Data records
····················

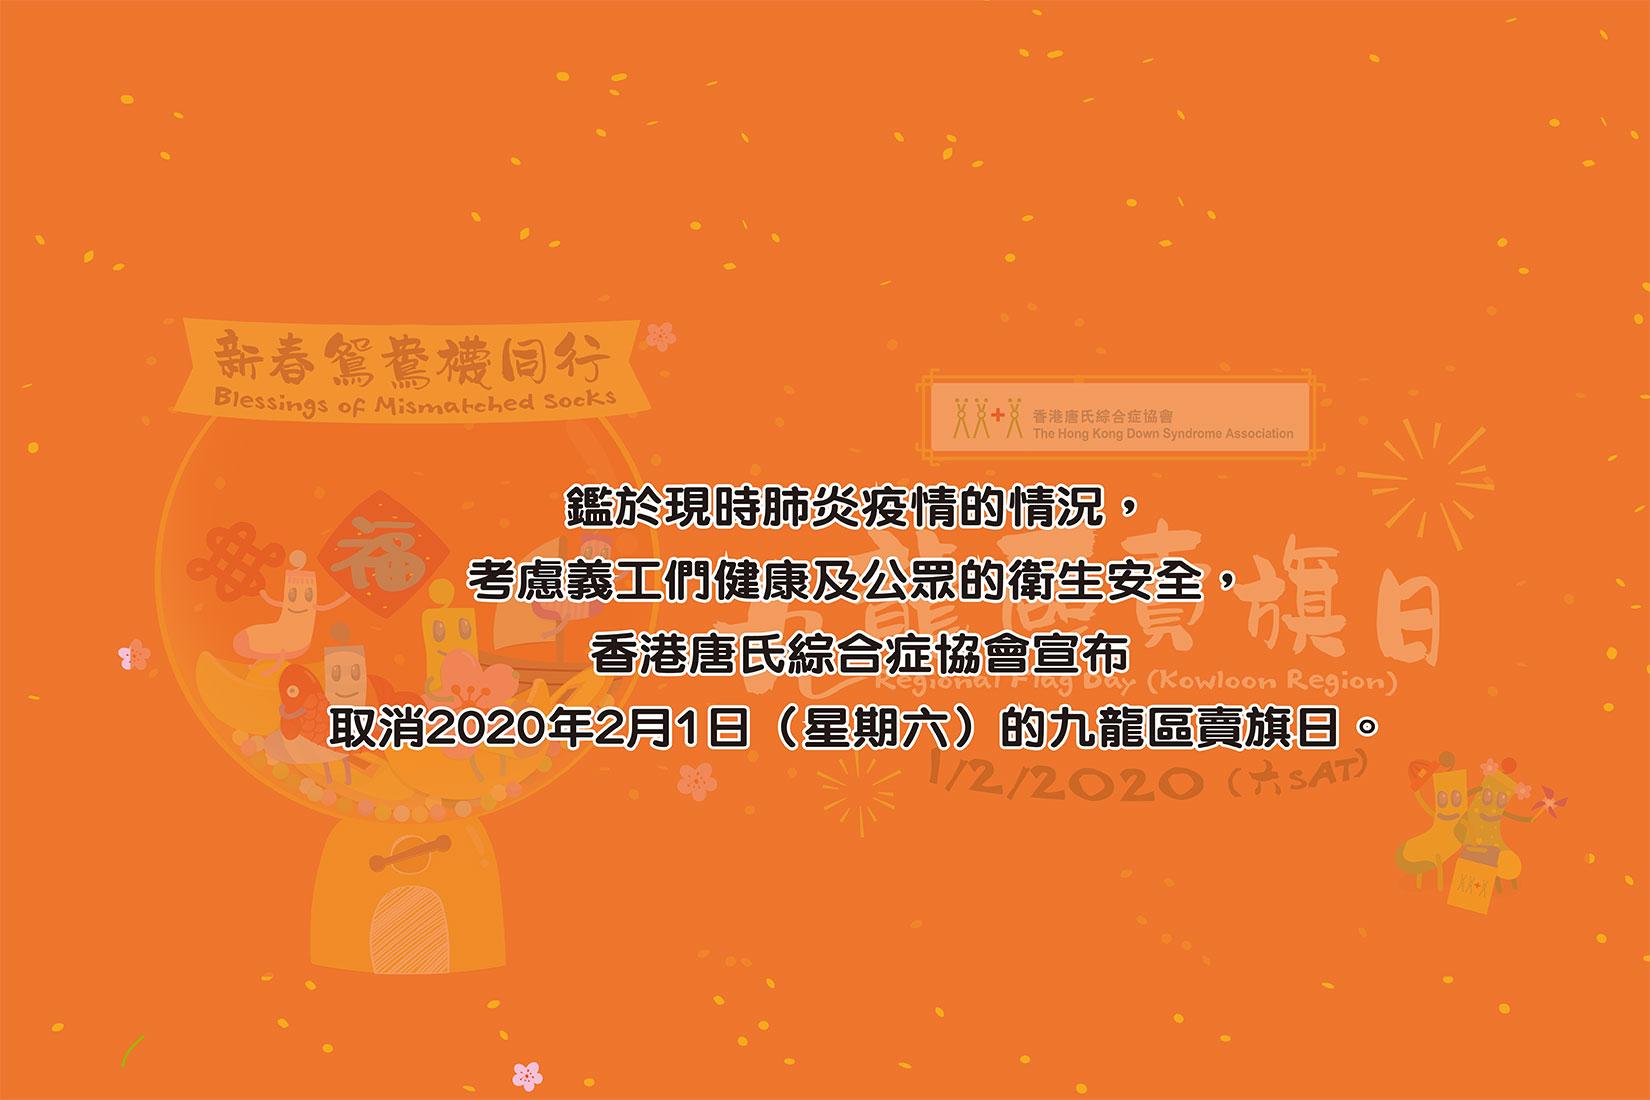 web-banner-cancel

····················

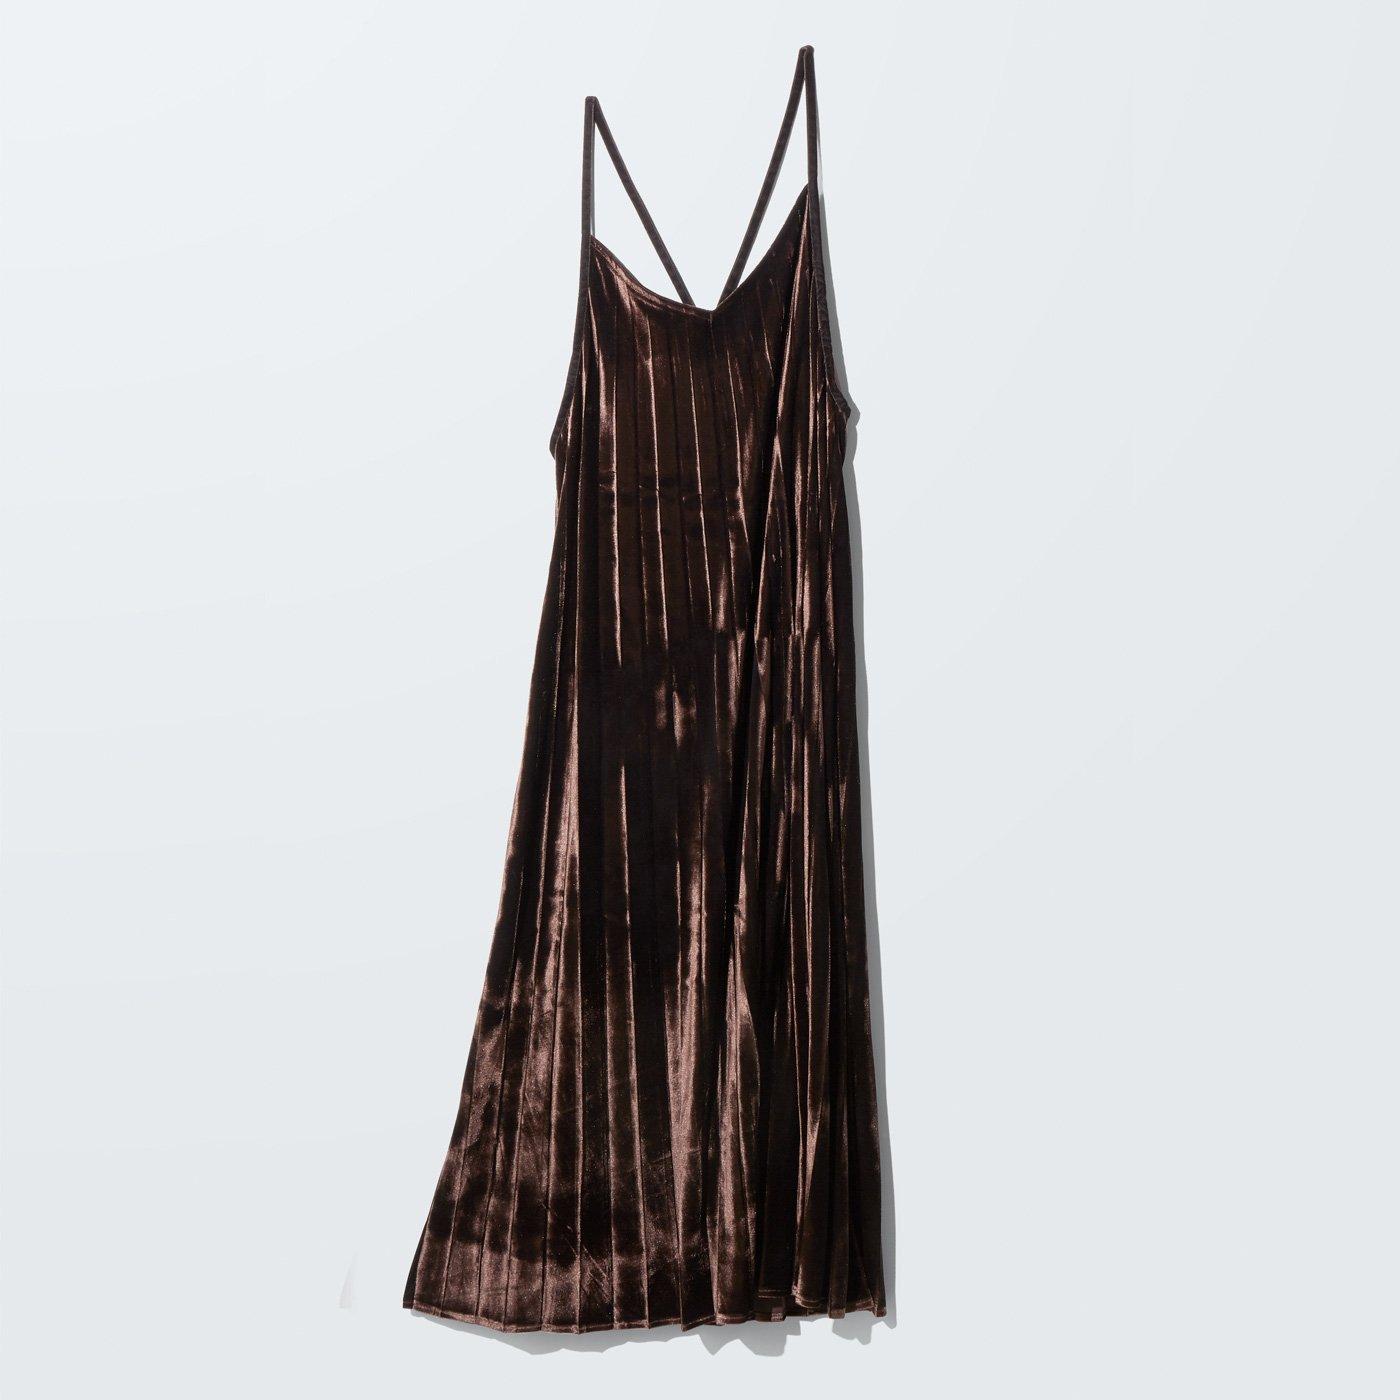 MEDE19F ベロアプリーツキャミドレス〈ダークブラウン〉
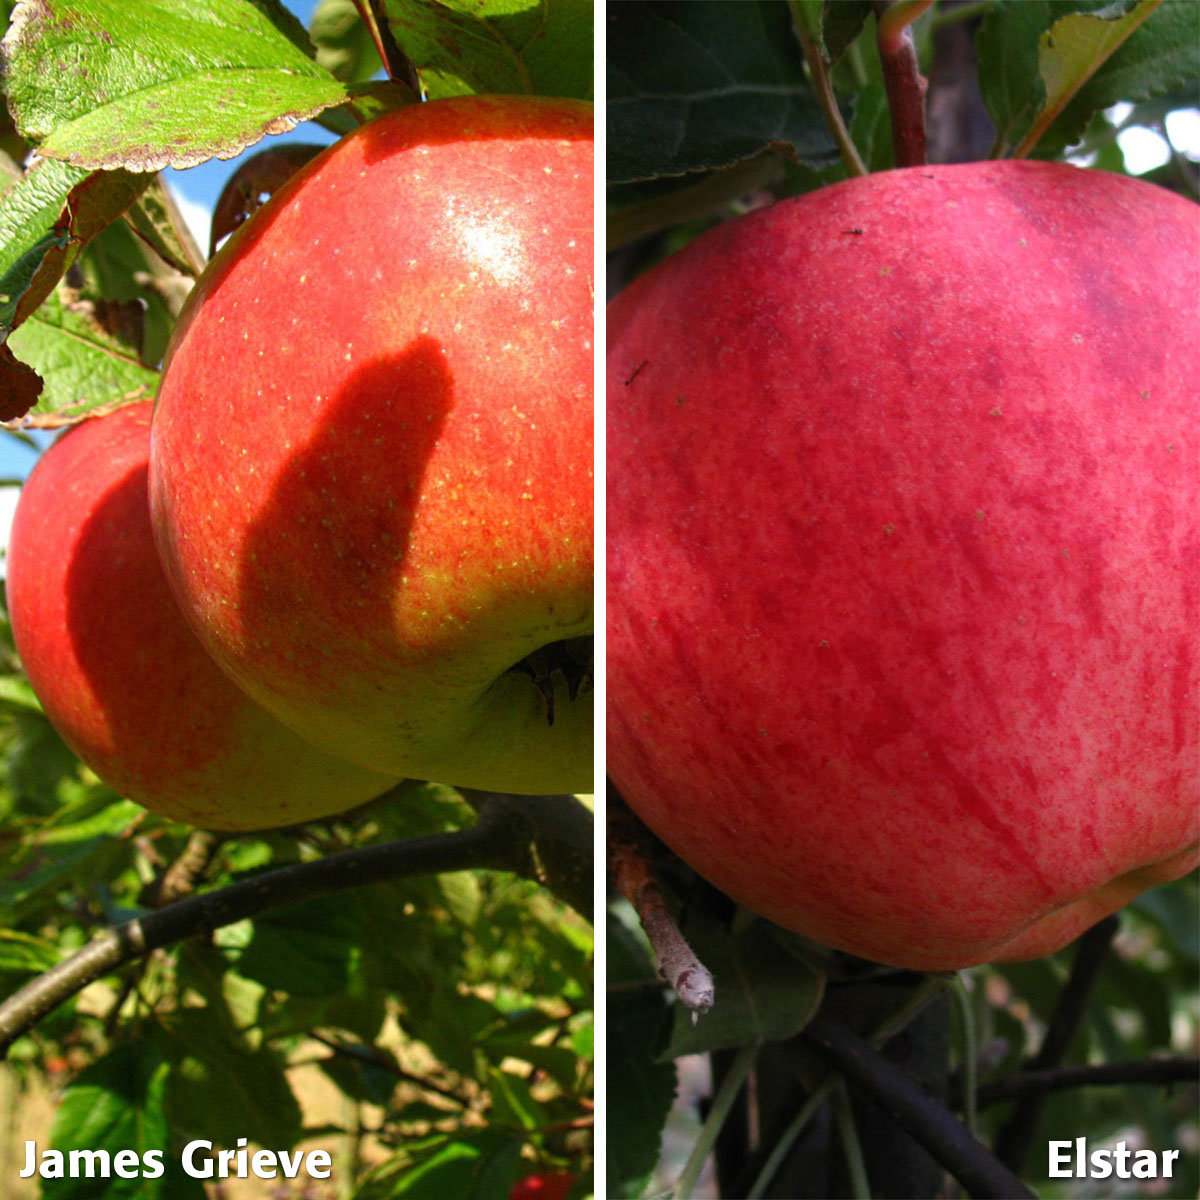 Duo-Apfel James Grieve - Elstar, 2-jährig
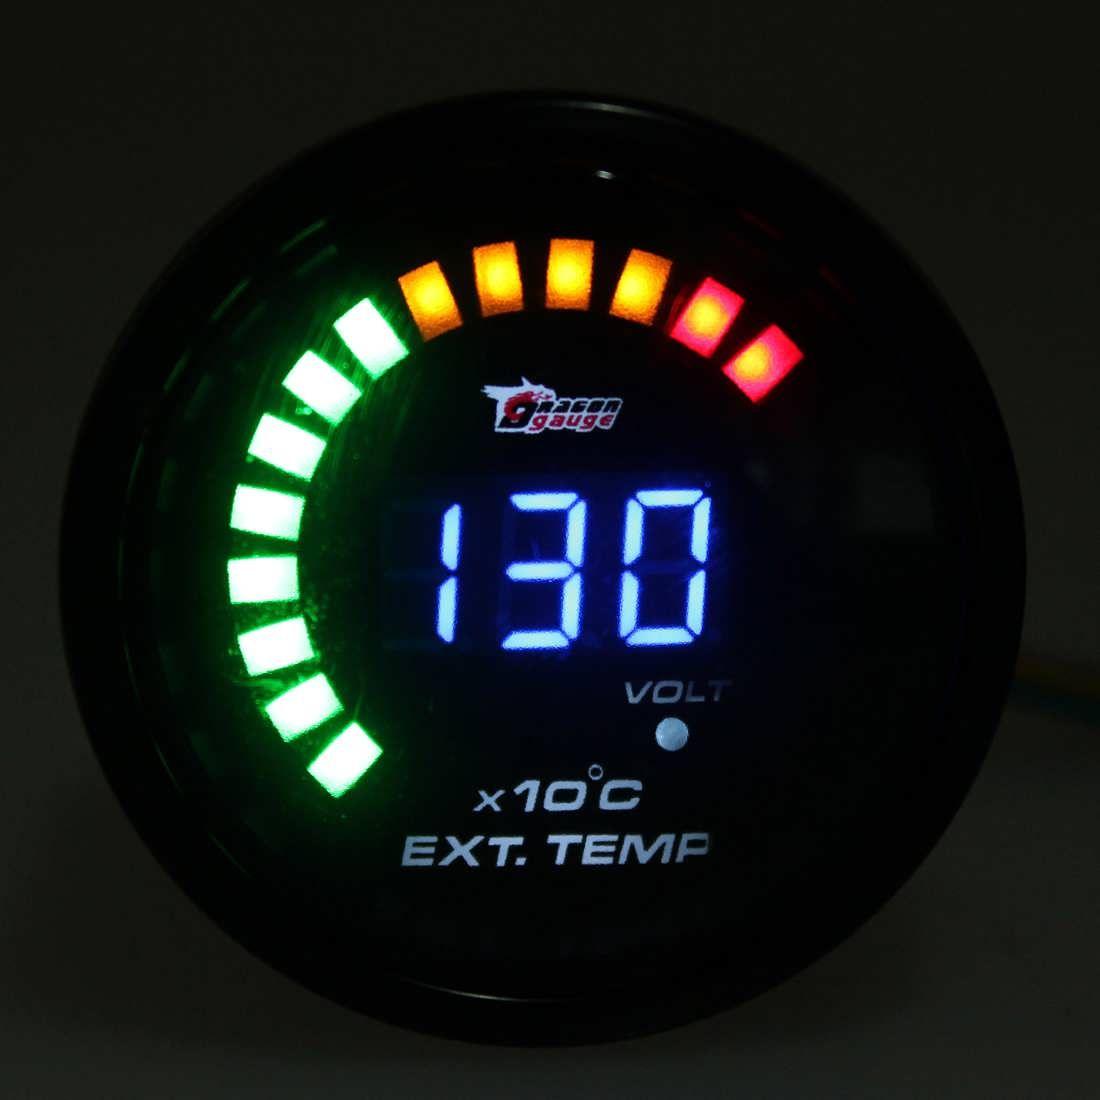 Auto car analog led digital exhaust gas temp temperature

····················

Requirement
Working from the entries above, reproduce exactly and only the lines beginning with the line that has "Duo-Apfel James Grieve - Elstar, 2-jährig" and ending with the line that has "Auto car analog"; omit all pictures.

Exercise solution
 Duo-Apfel James Grieve - Elstar, 2-jährig
 Auto car analog led digital exhaust gas temp temperature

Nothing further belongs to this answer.